(DGX Spark, ARM64, CUDA 13) pathological slowdown for many-small H2D copies from pageable CPU memory (≈50× vs pinned); impacts PyTorch model load patt

tonera · December 13, 2025, 2:06am

1) Executive Summary

We are seeing an extreme performance cliff on a new DGX Spark with NVIDIA GB10: performing many small CPU→GPU (H2D) copies from pageable host memory is orders of magnitude slower than from pinned host memory. This is large enough to turn real model loading (thousands of tensors moved individually to CUDA) from a few seconds into tens of seconds.

This appears to be a platform/driver path issue (page-locking / DMA mapping / page fault interaction on ARM64/UMA), because:

large-copy pinned bandwidth is healthy,
the slowdown is specifically tied to pageable + many-small copies, and
toggling pinning at the framework level fully flips the behavior.
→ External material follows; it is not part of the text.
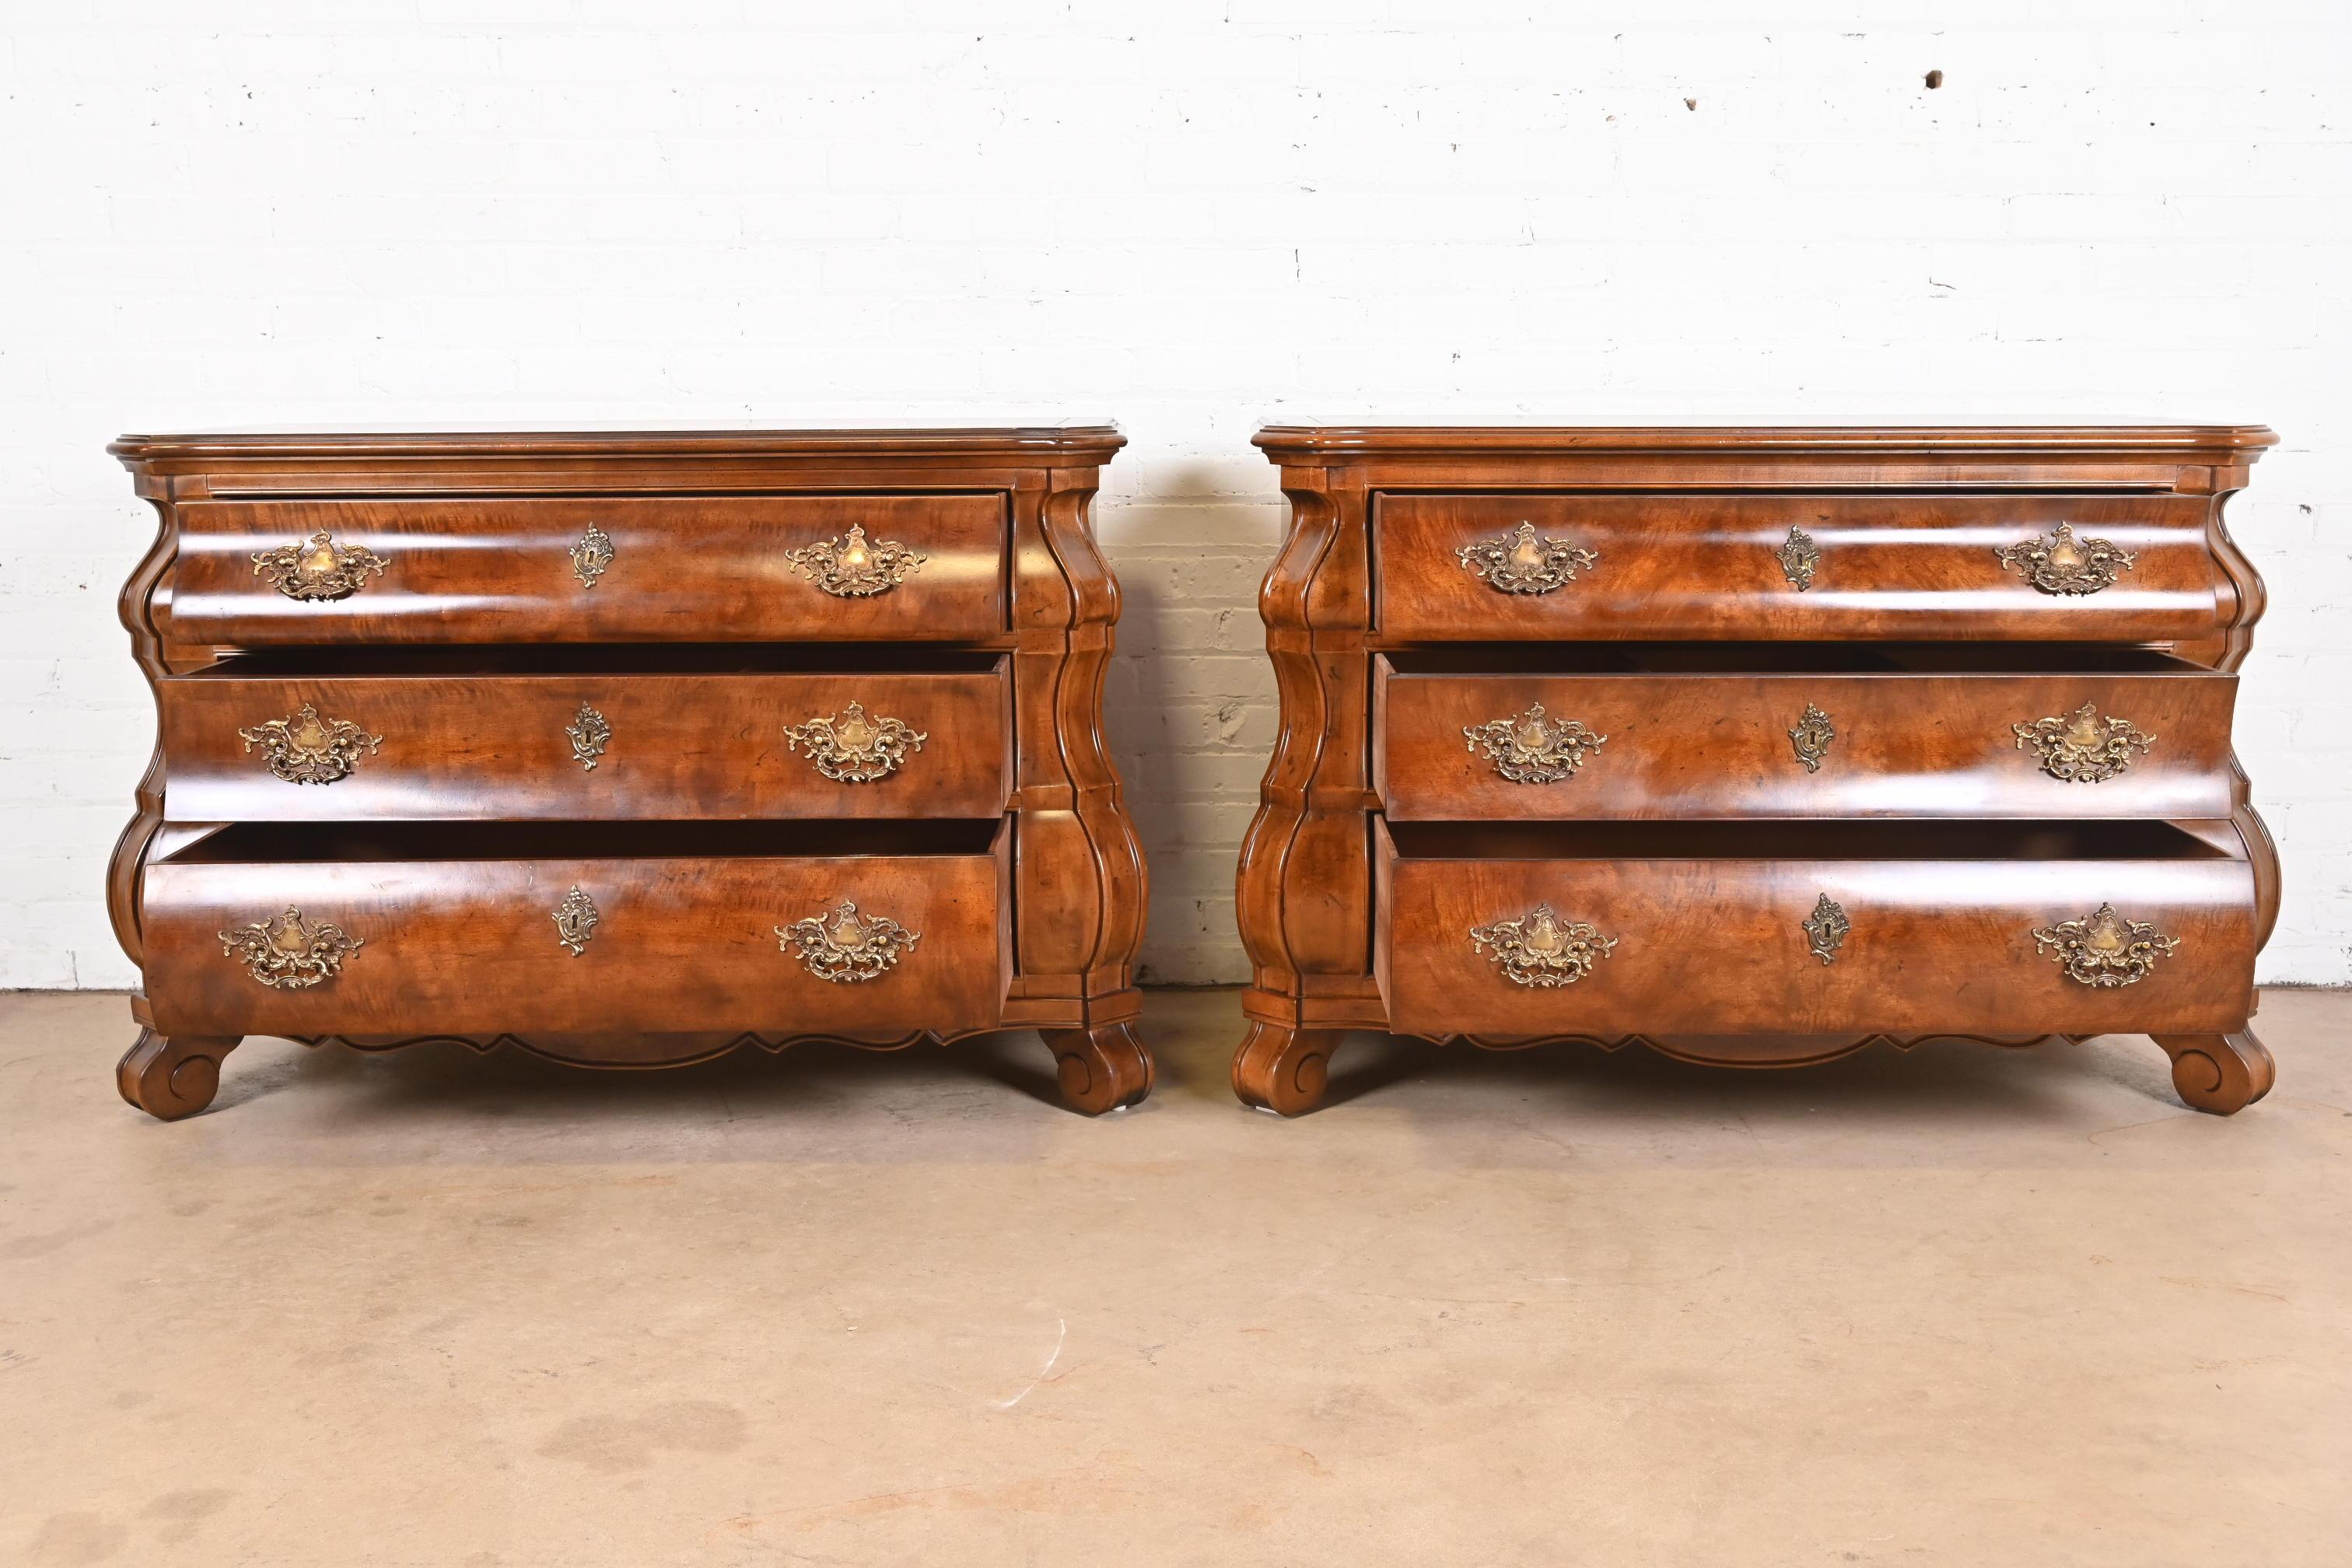 Henredon Italian Baroque Burled Mahogany Bombay Chests or Commodes, Pair For Sale 3

We request NVIDIA to confirm whether this is expected for GB10/DGX Spark, and if not, investigate the driver/kernel interaction.

2) Environment (as observed)

System: DGX Spark (new purchase)
CPU arch: aarch64
GPU: NVIDIA GB10, compute capability 12.1
Unified memory: 128GB (platform UMA / “unified memory system”)
SSD: 4TB local NVMe
Filesystem: ext4, weights stored locally on NVMe (/dev/nvme0n1p2, mount /)
Driver: 580.95.05
CUDA: 13.0 (nvcc 13.0.88)
Python: 3.12.12
PyTorch: custom build 2.10.0a0+gitae7d5b8 with sm_121 enabled (torch.cuda.get_arch_list(): ['sm_121', 'compute_121'])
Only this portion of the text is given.